Das klassische Abgrenzungskriterium der Weisungsgebundenheit verbunden mit im Einzelfall schwierigen Wertungsfragen erweist sich insb. bei der Beurteilung der Arbeitnehmereigenschaft in Grenzfällen der sog. Scheinselbstständigkeit vielfach als ungeeignet. Von Scheinselbstständigkeit wird dann gesprochen, wenn Erwerbstätige nach der Ausgestaltung ihrer Rechtsbeziehungen zwar wie Selbstständige behandelt werden sollen, tatsächlich jedoch wie abhängig Beschäftigte arbeiten und sich auch in ihrer sozialen Schutzbedürftigkeit von diesen nicht unterscheiden. Zur Feststellung einer solchen Scheinselbstständigkeit sah § 7 Abs. 4 SGB IV a.F. noch eine Vermutungsregelung vor. Diese Vermutungsregelung ist durch das Zweite Gesetz für moderne Dienstleistungen am Arbeitsmarkt v. 23.12.2002 (BGBl I, 4621) entfallen. Heute grenzt § 7 Abs. 1 SGB VI nach dem Merkmal des Arbeitnehmerbegriffs ab. Es empfiehlt sich, sorgfältig zu prüfen, ob der Betreffende freiwillig ein Unternehmerrisiko auf sich genommen hat (dann Selbstständiger) oder ob ihm ein Unternehmerrisiko aufgezwungen wurde (dann Arbeitnehmer). Die Übernahme des Unternehmerrisikos wird indiziell geprüft. Danach ist in folgenden Fällen die Arbeitnehmereigenschaft i.d.R. zu bejahen, obwohl der Betroffene im Vertrag als Selbstständiger bezeichnet wird:

Das Unternehmerrisiko wurde nicht freiwillig übernommen;
der Vertrag enthält keine ausgewogene Mischung aus Chancen und Risiken, sondern legt ihm nur unternehmerische Risiken ohne entsprechende Chancen auf;
der Betreffende verfügt über keine eigene Organisation oder eigenes Kapital;
der Betreffende nutzt Betriebsmittel seines Auftraggebers;
er beschäftigt keine eigenen Mitarbeiter;
er hat nur einen Vertragspartner, tritt also nicht selbst am Markt auf;
der Betreffende ist von seinem Auftraggeber wirtschaftlich abhängig.
Wegen weiterer Einzelheiten zur Abgrenzung des Arbeitnehmers vom Selbstständigen vgl. unten Rdn 748 ff.).

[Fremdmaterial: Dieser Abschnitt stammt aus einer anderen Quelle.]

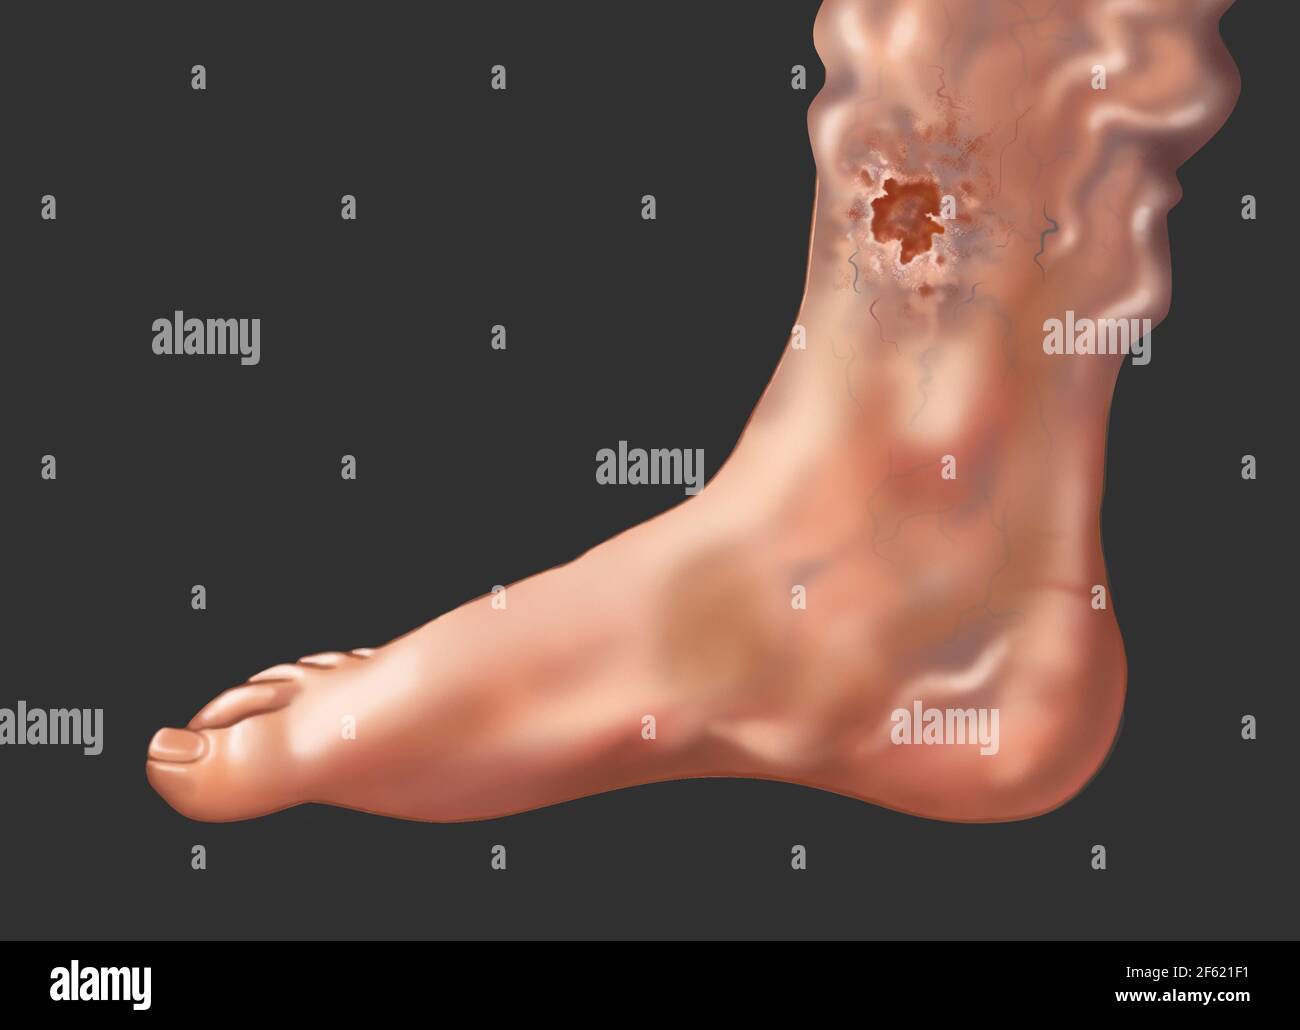 Skin Ulcer from a Varicose Vein on the Ankle Stock Photo

Für die Bewertung der Eingliederung in die betriebliche Arbeitsorganisation sind z.B. folgende Punkte hilfreich:

Einrichtung einer auf den Auftraggeber bestimmten E-Mail-Adresse,
Visitenkarten des Auftraggebers,
namentliche Benennung im Organigramm des Auftraggebers,
Nutzung von Sozialeinrichtungen des Auftraggebers,
eigenes Büro im Betrieb des Ratgebers,
Gestellung von Arbeitskleidung durch Auftraggeber,
telefonische Erreichbarkeit über den Auftraggeber.